Variable selection and model building were guided by a multilevel theoretical framework that recognizes the variation in student achievement gains due to three distinct and nested levels: the school, classroom, and student levels. This framework also divides the schooling process into three sequential stages, including inputs, processes, and outputs. In Figure 1, we provide examples of the measures representative of each level and each stage, and Appendix A provides a comprehensive list of variables that were used in this study to explore the association between aspects of teachers and achievement gains.

The horizontal arrows shown in Figure 1 indicate a sequential flow from left to right. That is, inputs affect both processes and outcomes, whereas processes affect only outcomes. Inputs are conceptualized as aspects of students’ and teachers’ backgrounds that they bring into the school with them. Inputs include classroom and school contextual factors, resources, and structures that may be associated with effectiveness. In other words, inputs may be considered aspects of the students, classrooms, and schools that potentially affect the achievement gains of students and are largely beyond the control of teachers and schools. Processes are the practices and behaviors employed at each level as well as the values, attitudes, and beliefs that may contribute to the learning climate. Outputs are the outcome measures used to gauge classroom and school effects. In general, the main interest in classroom and school effects research is in the association between the processes and outputs. Yet because those associations may depend on inputs to some degree, inputs are an important aspect of the framework.

The vertical arrows indicate interlevel influences. For example, school processes may affect the attitudes and practices of teachers at the classroom level. Note that there are solid and dashed interlevel arrows. The solid arrows indicate a potential causal influence, and the dashed arrows indicate an association due to aggregation. An example of the aggregation type is the arrow between the student and classroom outputs. The classroom outputs are aggregate measures of the student outputs (e.g., mean achievement gains).

Statistical Models

Because students in the ECLS data are nested within classrooms and classrooms are nested in schools, we used a three-level HLM.12 HLM methods have been developed in the past 20 years to deal with issues specific to nested or multilevel data sets including aggregation bias, misestimation of errors, and the unit of analysis problem (Raudenbush & Bryk, 2002). HLM is highly suitable for isolating the variation in student achievement gains due to classroom or teacher effects, and isolating such variation is necessary for correctly modeling the association between aspects of teacher and student achievement gains.13 It is important to note that the HLMs estimated in this study are consistent with our conceptual framework shown in Figure 1.

Two outcomes—math and reading achievement—were used to study the effects of teacher quality on student achievement gains in first grade.
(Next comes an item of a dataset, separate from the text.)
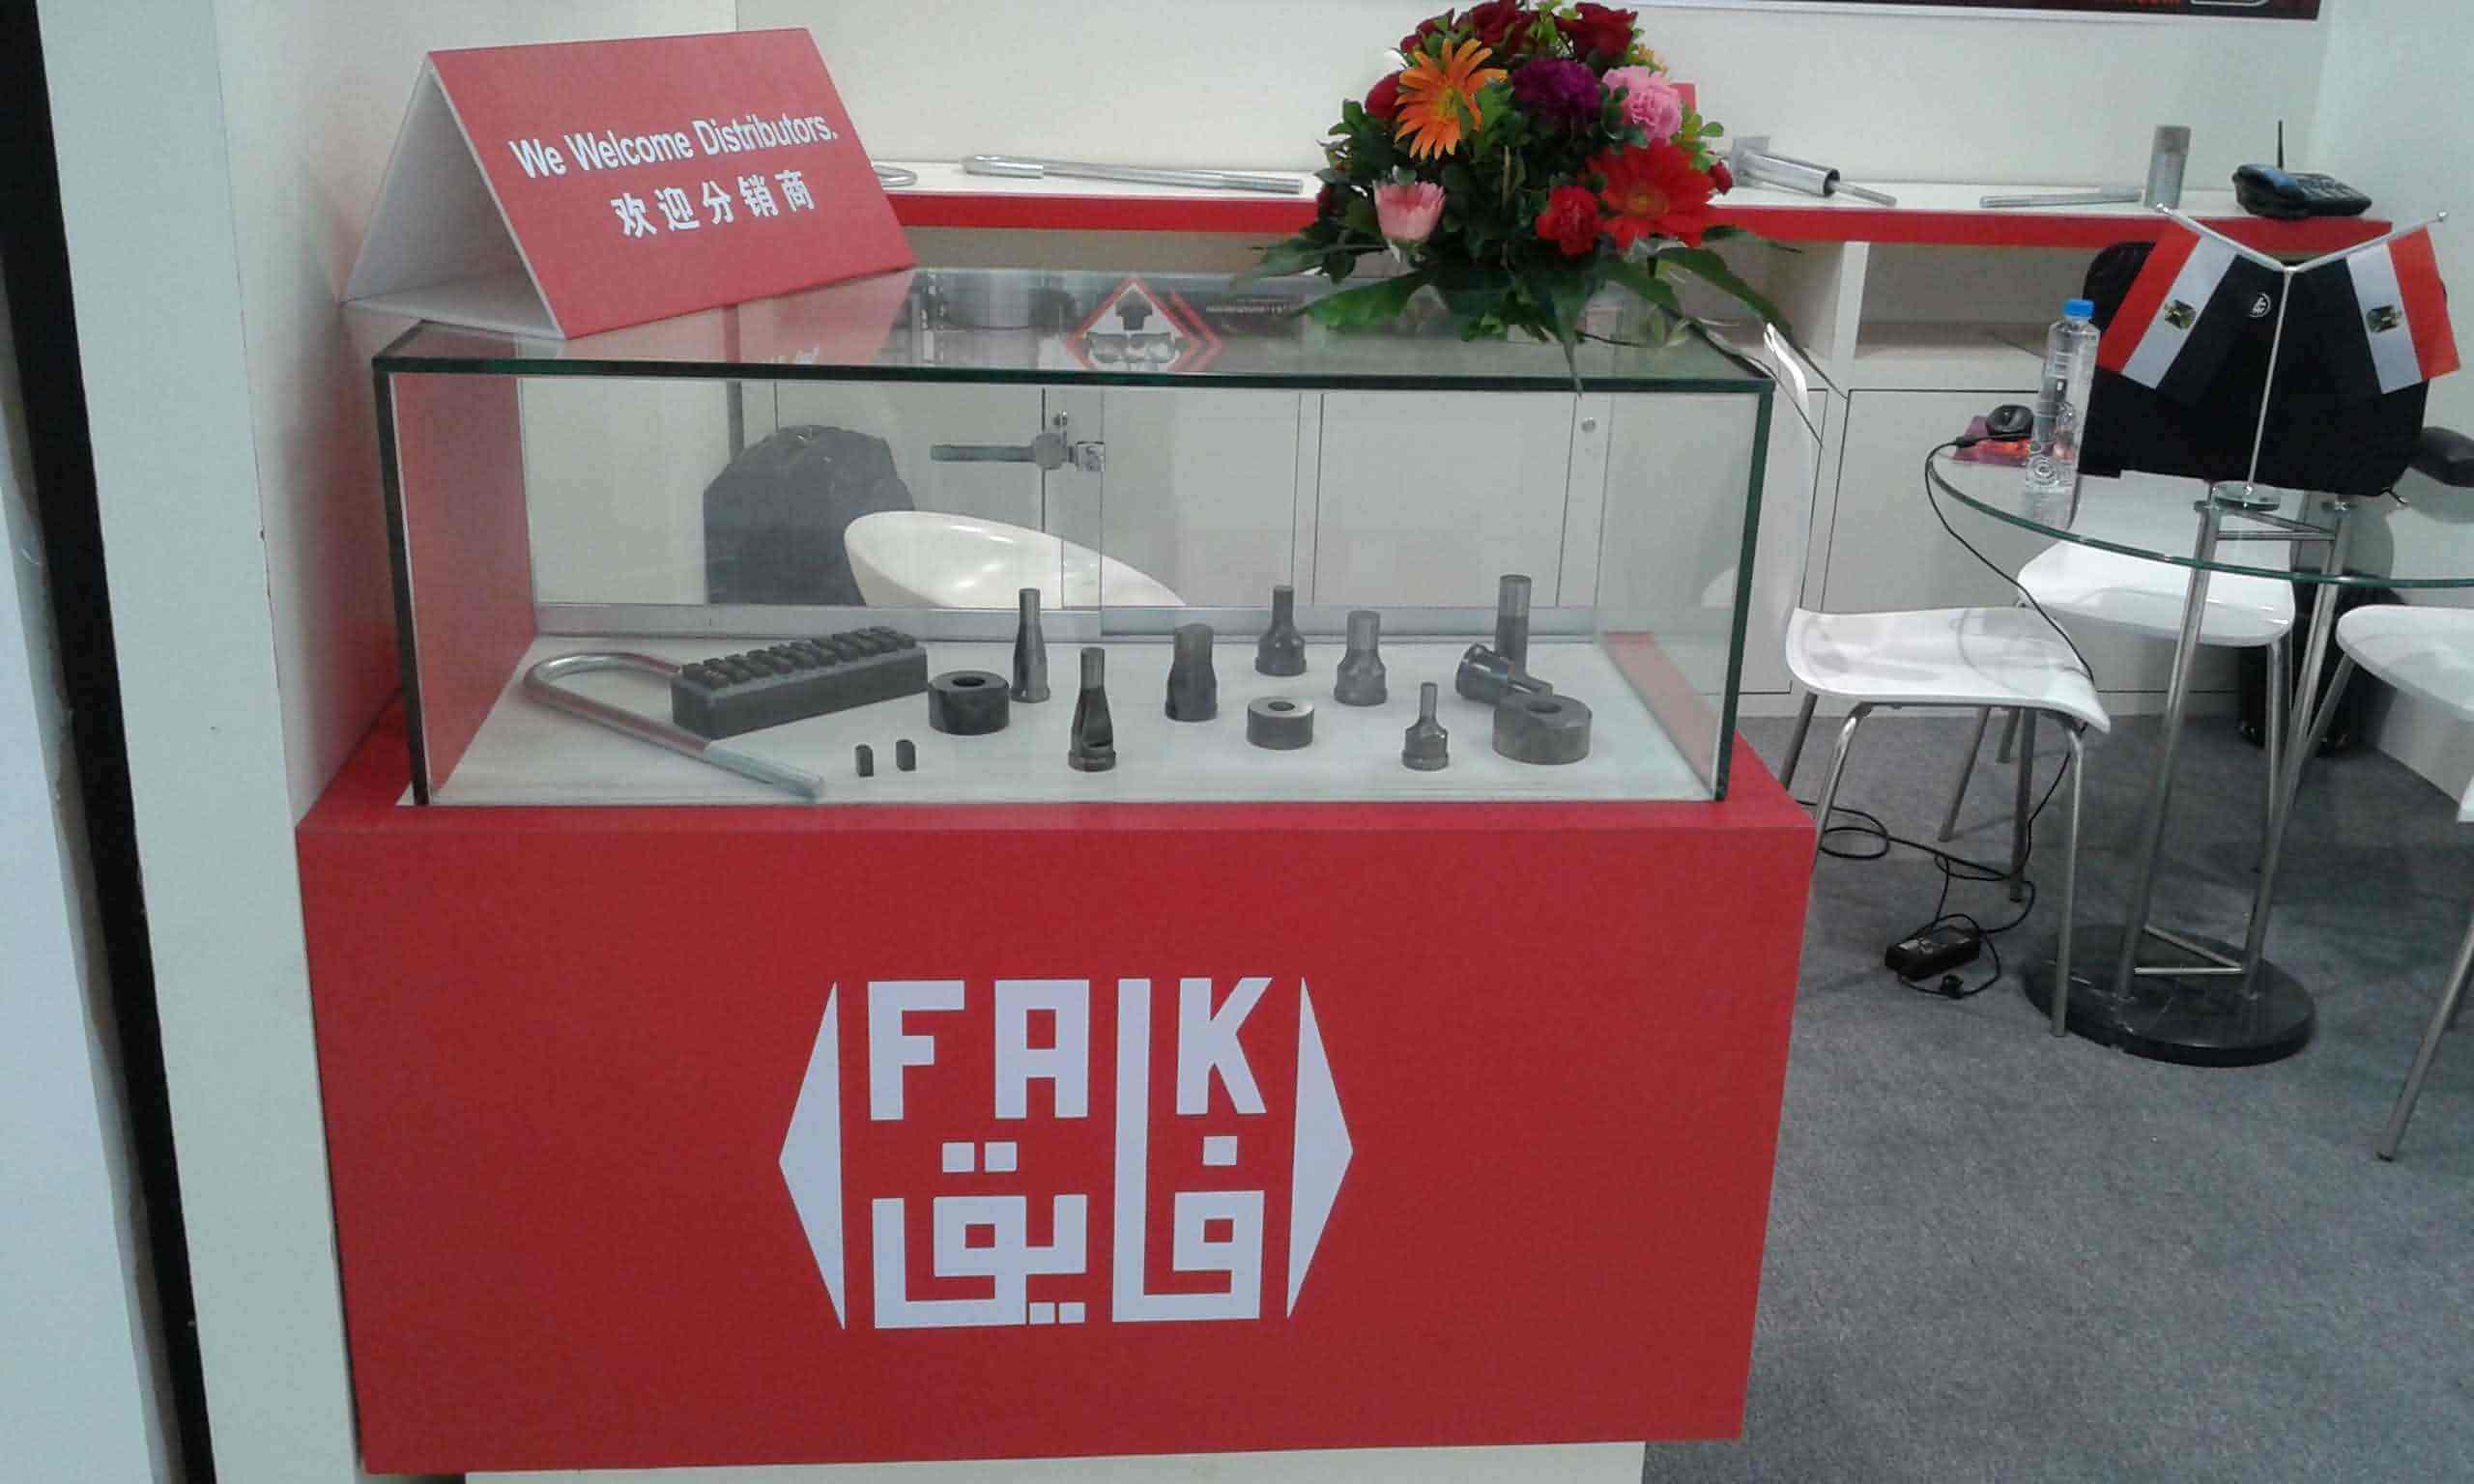 Faik Canton fair 114 -1

ECLS provides achievement test scores on these variables at two points—near the beginning and near the end of first grade—which allows for the estimation of achievement gains or learning but presents limitations for the use of the more desirable growth model.14 We use the spring achievement test score as the outcome and the fall score as a covariate, which is sometimes referred to as a residual gain score model.15 Both the outcome and the prior achievement covariate were standardized to a mean of 0 and standard deviation of 1. Similarly, we also standardized all the continuous predictor variables used in the analysis. Standardizing the variables in this manner provides the benefit of slope coefficient estimates that are in units of effect size (i.e., the expected standard deviation gain in achievement per standard deviation increase in the predictor). Also, because the time between fall and spring test administrations was not uniform across students, a variable we call assessment gap was developed, which measures the time between fall and spring testing dates for each student.16 Adding this covariate to the model adjusts the achievement gains for difference in the time between assessments across students. For a few other recent applications of this model for estimating teacher effects, see Nye et al. (2004) and Xue and Meisels (2004).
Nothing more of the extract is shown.